Govt guarantees jobs as juggling act gets trickier

Government, business, and labour have signed an 80-page agreement following the Jobs Summit on Thursday that outlined objectives to possibly create 275 000 jobs a year.

The objectives include the need for big business to actively encourage consumer support for local products, energising the export sector, boosting fruit, grain and livestock value chains, as well as much-needed financing, resource and related assistance for small and medium enterprises.

Heard it all before?

Of course you have but for the time being there’s no denying that something needs to be done about the 9.6 million South Africans that can’t find work.

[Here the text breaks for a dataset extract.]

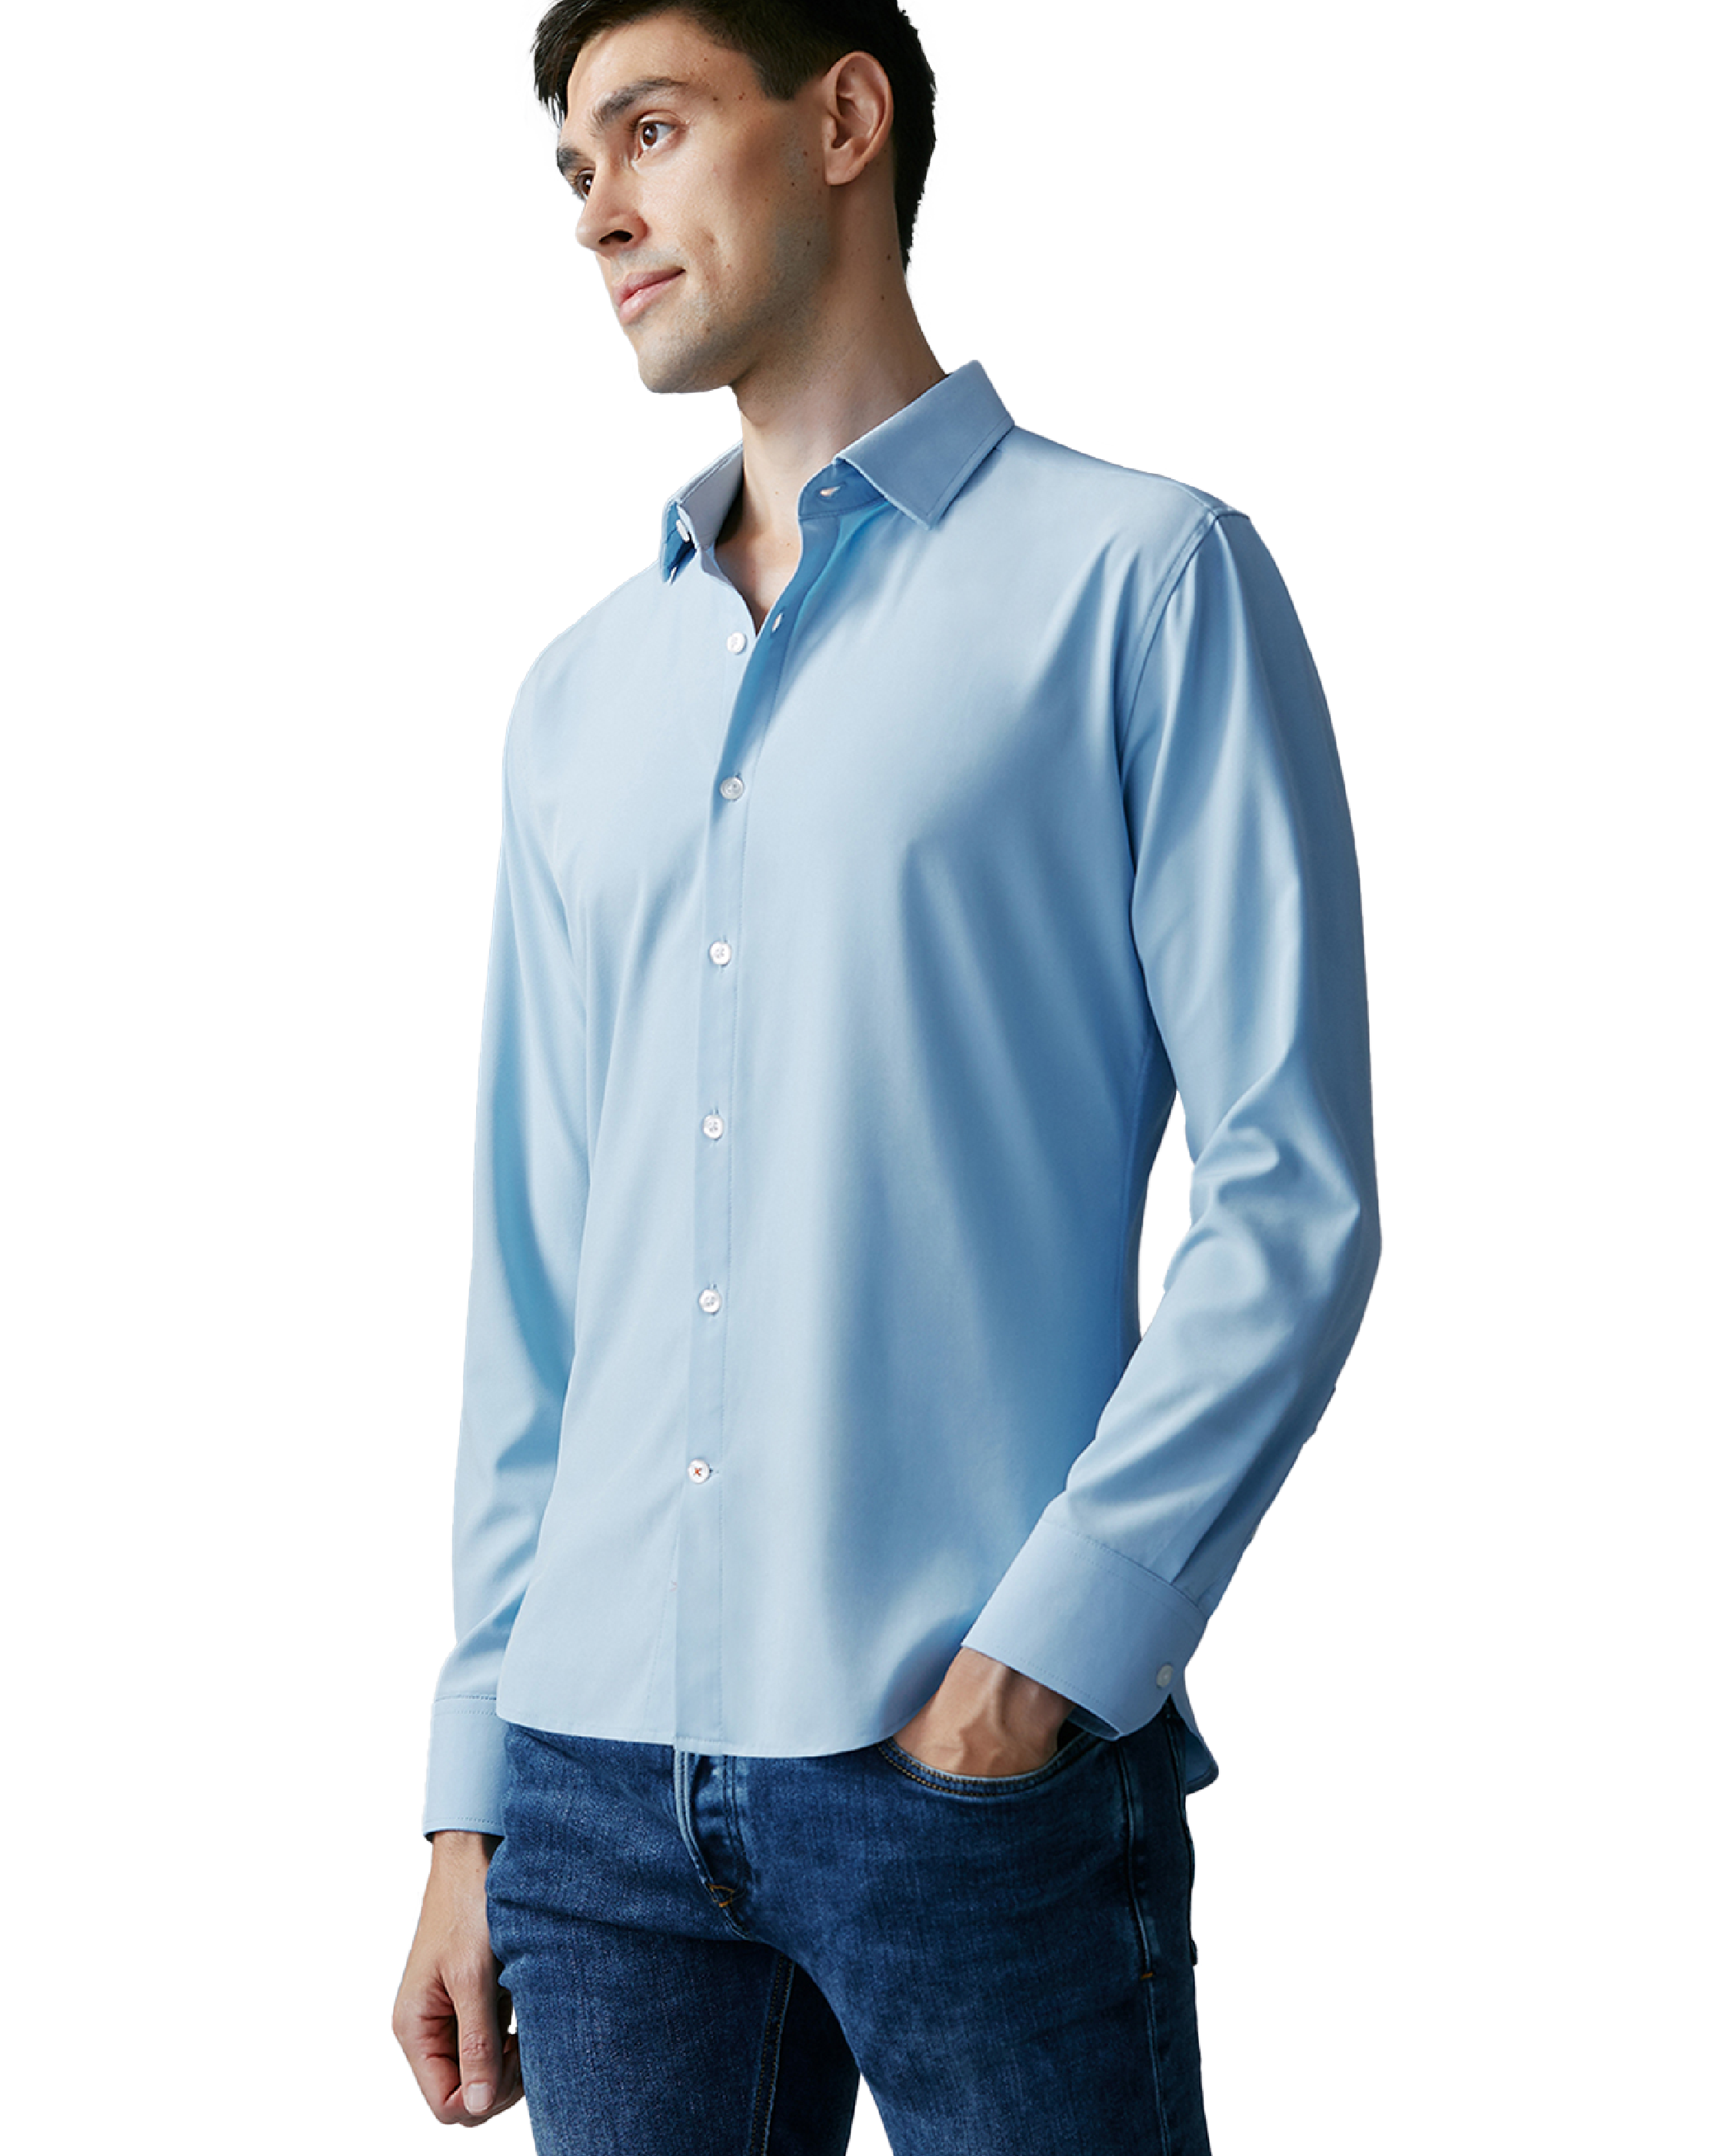 Performance Dress Shirts for Men – Moisture Wicking, Wrinkle Free – All ...

Brimming with optimism after the summit’s resolutions were signed, President Cyril Ramaphosa was confident that it was possible to create and not cull jobs.

And yet government spending is on the rack as far as ratings agency Moody’s is concerned.

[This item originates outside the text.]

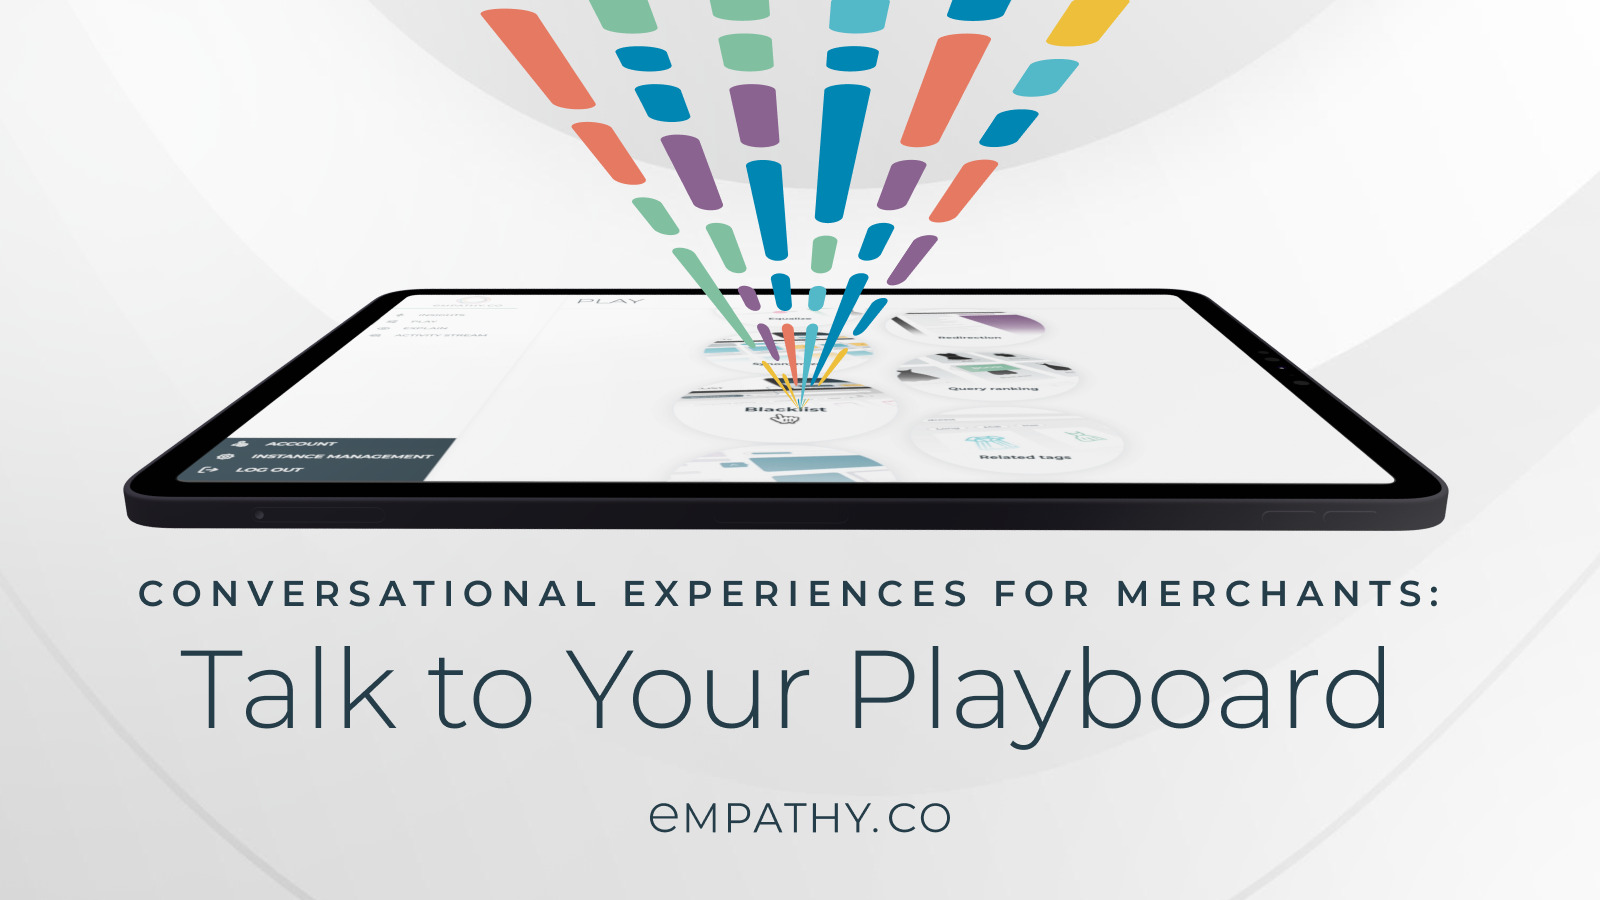 Conversational experiences for merchants: Talk to your Playboard

It has indicated that the public sector wage bill has ballooned beyond fiscal capability and that Treasury will have to trim away at what it costs to keep the country’s administration machinery running.

However, in a classic case of labour dictating to government – what’s new? – Ramaphosa’s negotiators guaranteed unionists that there would not be any job losses.

In the meantime Finance minister Nhlanhla Nene is trying to balance a very difficult budget in the run-up to his medium-term speech later this month.

Should government spending not be reined in, Moody’s said it might have no alternative but to join its peers, S&P Global and Fitch, in junking the country’s economy.

Losing our last stand as an investment-grade country, some say, will be a case of three strikes and you’re out!

Indeed, about $5bn will immediately leave the local bond market, foreign direct investment (FDI) South Africa desperately has to hang on to if it wants any hope of salvaging an economy remotely capable of creating jobs.

However, pleasing both Moody’s and the masses, reeling from fuel price hikes and resulting living cost increases, is not going to be easy.

Caught between a population facing penury and a country crying out for FDI, Ramaphosa must be having sleepless nights.

Heavy lies the head that wears the crown.